====== Data provided ======

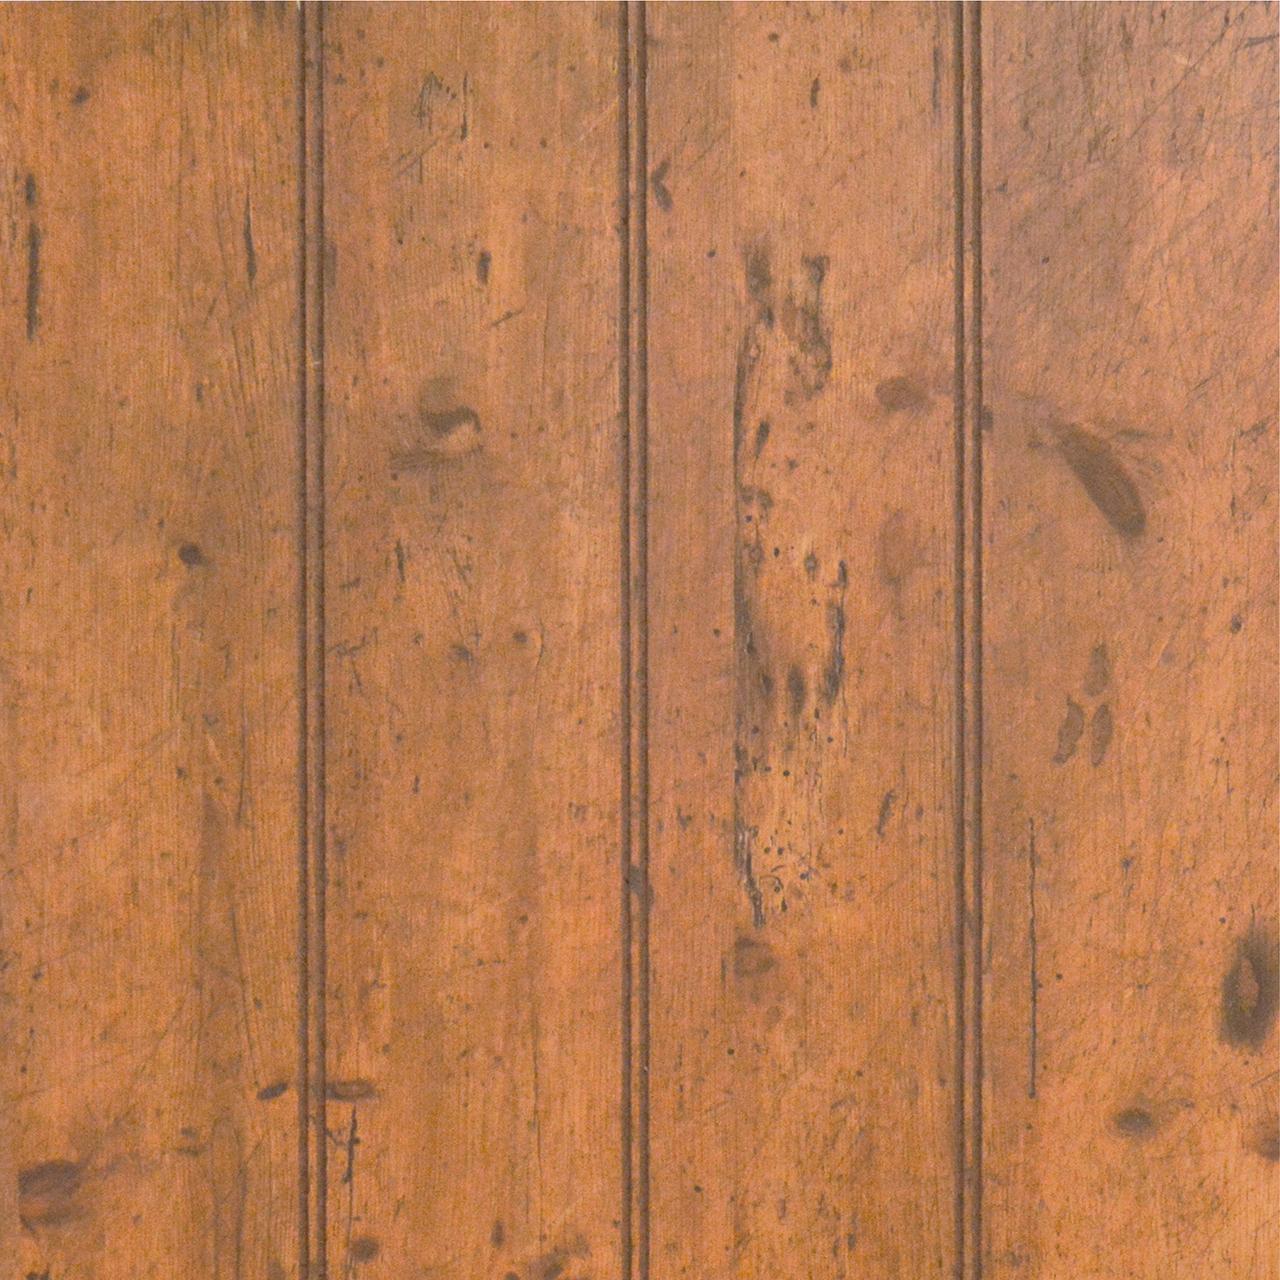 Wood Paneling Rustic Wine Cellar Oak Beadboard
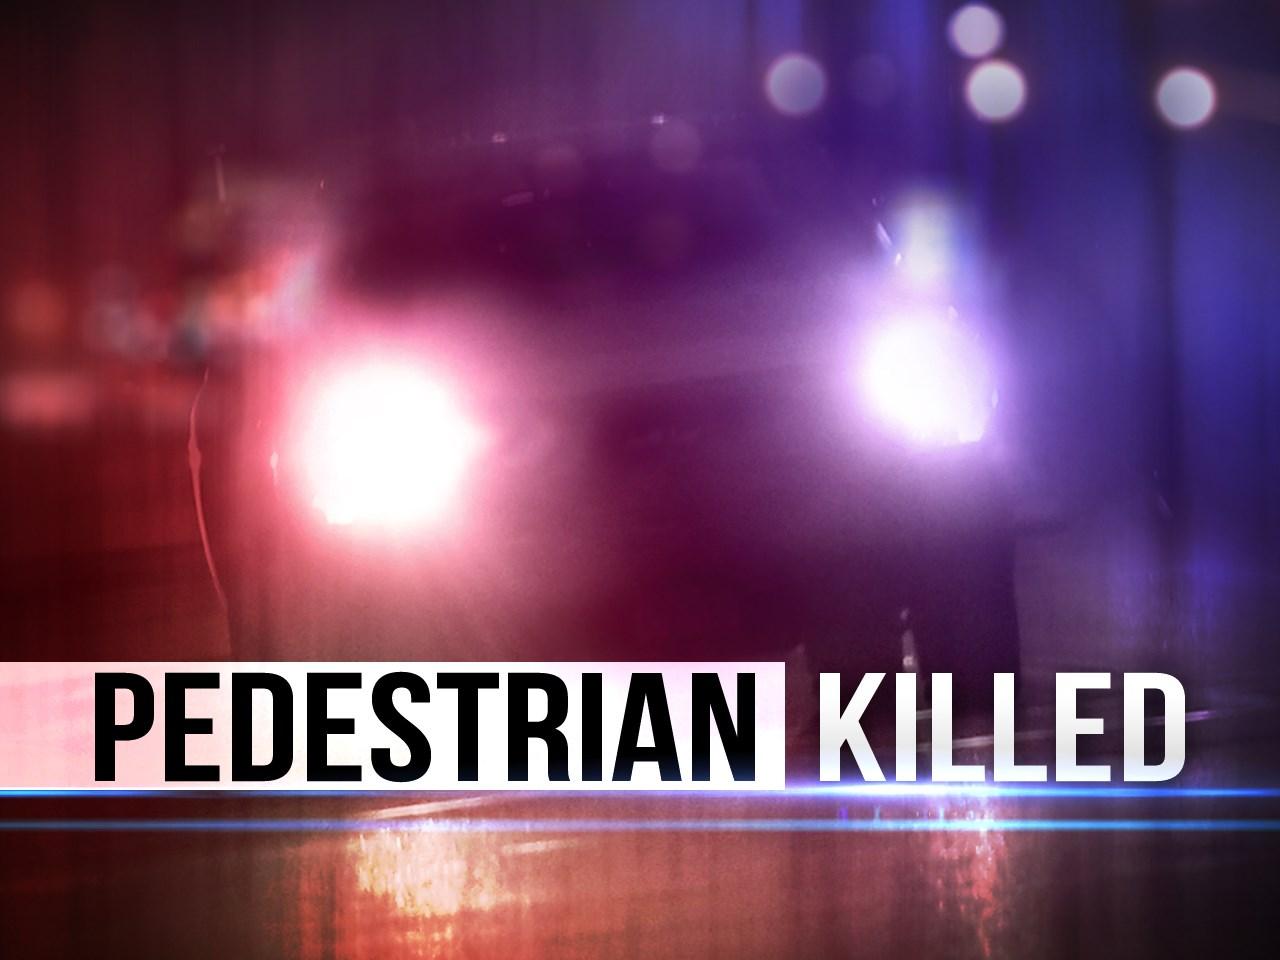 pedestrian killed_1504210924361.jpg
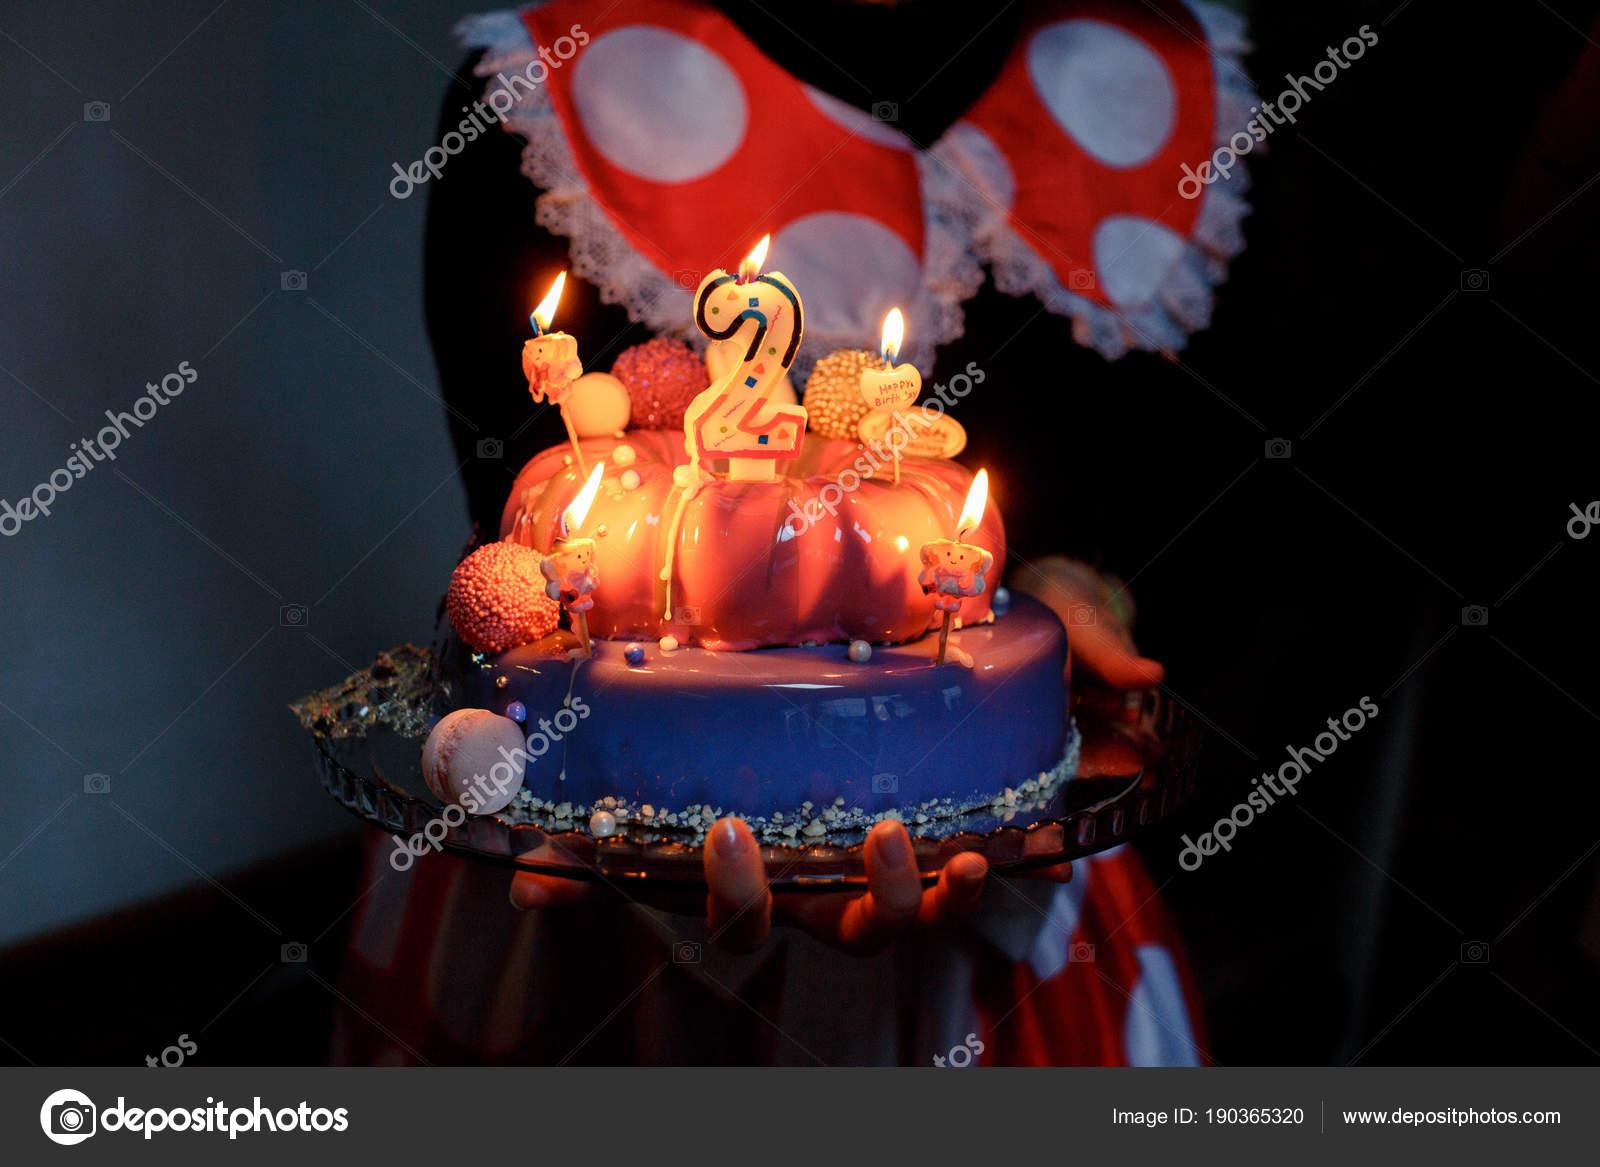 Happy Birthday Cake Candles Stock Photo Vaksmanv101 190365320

======

*Problem*: Once the pictures are set aside, give the rest of the listing again exactly.

*Response to the task*:
 Wood Paneling Rustic Wine Cellar Oak Beadboard
 pedestrian killed_1504210924361.jpg
 Happy Birthday Cake Candles Stock Photo Vaksmanv101 190365320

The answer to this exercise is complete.